Another reminder was recently published by the United Nations’ Intergovernmental Panel on Climate Change, the international body that studies the global impact of climate change. It details the worldwide devastation we can expect from a temperature rise of 1.5 degrees Celsius.

Worse storms, drought, flooding, ocean rise and acidification, and extreme temperature events continue their march. But the report concludes we’re unlikely to hold the rise to 1.5 degrees, which will trigger the need for unprecedented global reductions of fossil-fuel emissions: almost 50 percent by 2030 with net zero by 2050. A 2-degree rise is more achievable, but the report warns of the added devastation from just this extra half degree.

Unfortunately, the world isn’t on track to meet even 2 degrees. Current policies put the likely increase at 3.4 degrees by century’s end, with continued rise afterward. The report doesn’t document what level of destruction our grandchildren and their kids would face at the dawning of the next century, but it’s sure to be a much more perilous existence.

On the bright side, we have the technology to slow down temperature rise through economic means. Burning fossil fuels has produced the rise, but economic alternatives are available to stabilize it at less-hostile levels. Renewable energy instead of coal and natural gas, and the many transportation options to reduce petroleum, are but some of the paths.

There are other ideas worth considering. American economist William Nordhaus recently won the Nobel Prize in economics for his study of reducing climate change by uniformly charging for the carbon that produces it.

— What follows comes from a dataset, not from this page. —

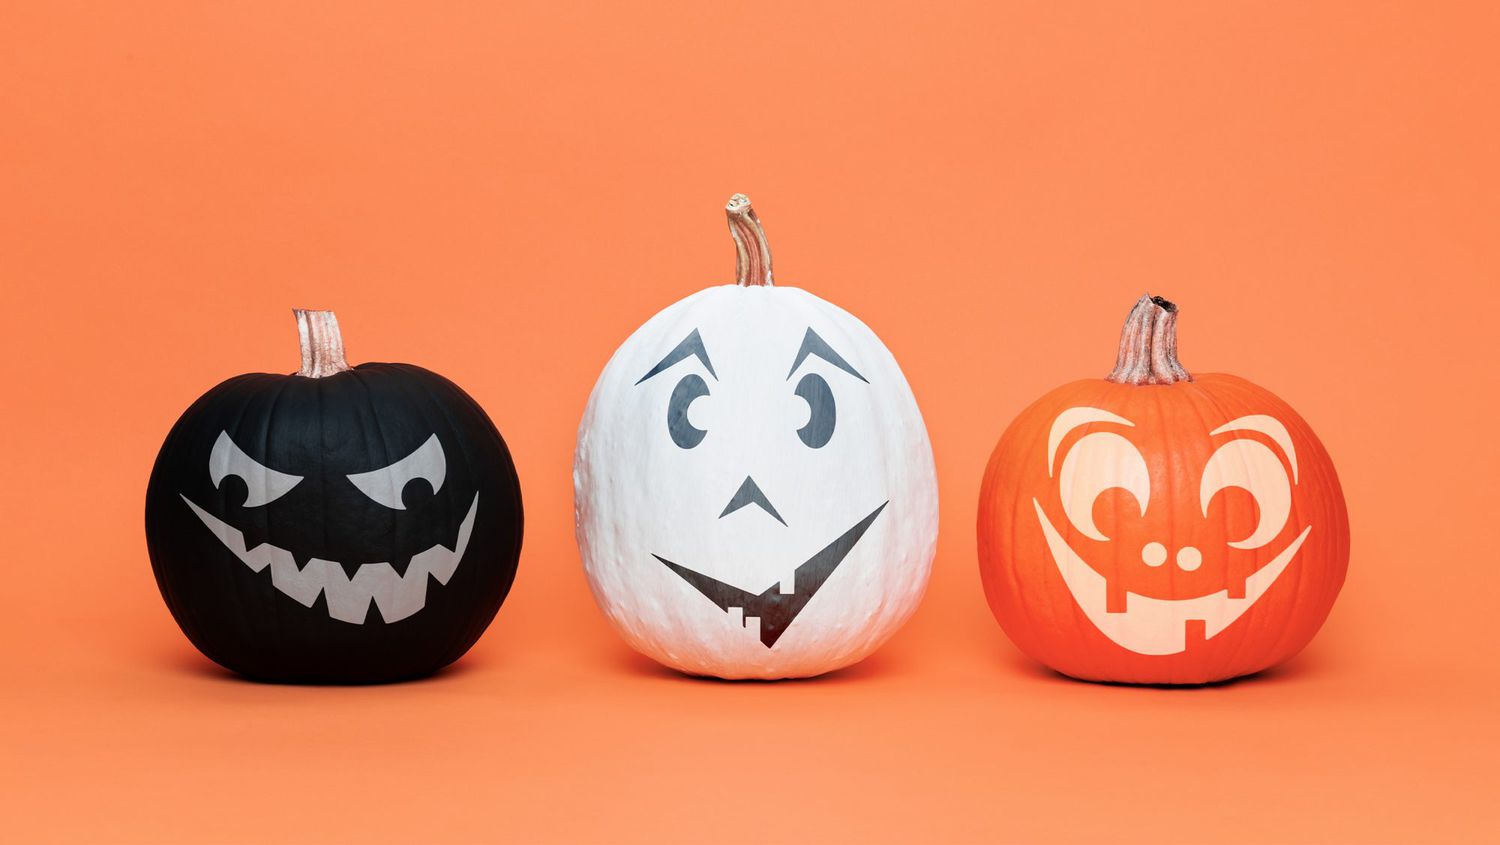 No carve pumpkin ideas - three decorated painted pumpkins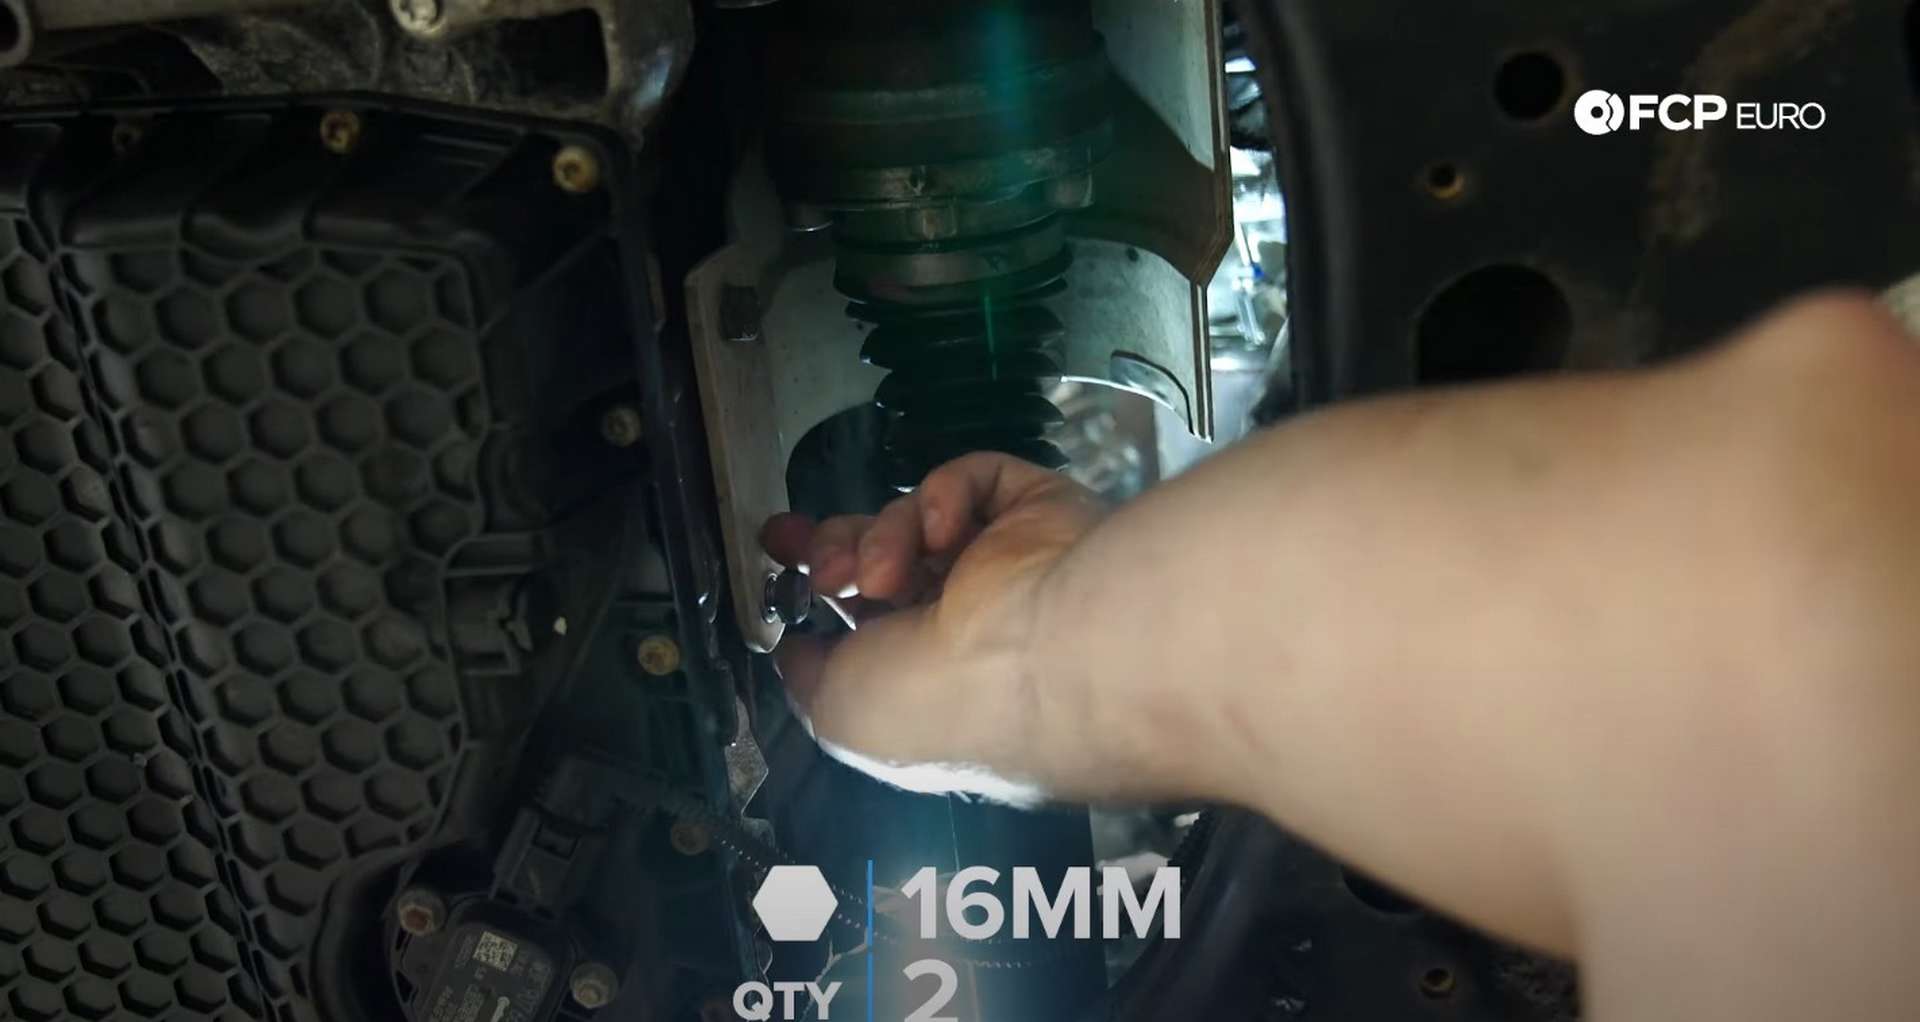 DIY MK7 VW GTI Turbocharger Upgrade installing the axle’s heat shield

And there’s another carbon-cost plan, “Carbon Fee and Dividend,” a market-based report put forward by the bipartisan Citizens’ Climate Lobby, that not only meets, but exceeds, the Paris Climate Agreement and would improve the economy to boot.

The plan recommends charging a fee for every ton of carbon at its source, whether from the ground, below the sea, or imported from abroad. The first year, it’s $15 and increases every year by another $10. The fees are returned monthly to households, minus small administrative costs, to pay for the added cost at the pump or on your light bill.

Under this plan, emissions are projected to drop 50 percent in 20 years and employment would grow by nearly 3 million from the added money in the economy. Most households get back at least as much as they pay, with medium- and lower-income levels seeing more benefit since their fossil-fuel consumption is lower than higher-income households.

The best news is that the plan’s elements are part of The Energy Innovation and Carbon Dividend Act, which was introduced in the U.S. House of Representatives late last month. Please call your congressperson in support of this legislation. Let’s make our grandchildren both safe and proud.•

__________

Kempf is media coordinator for the Indianapolis chapter of the Citizens’ Climate Lobby.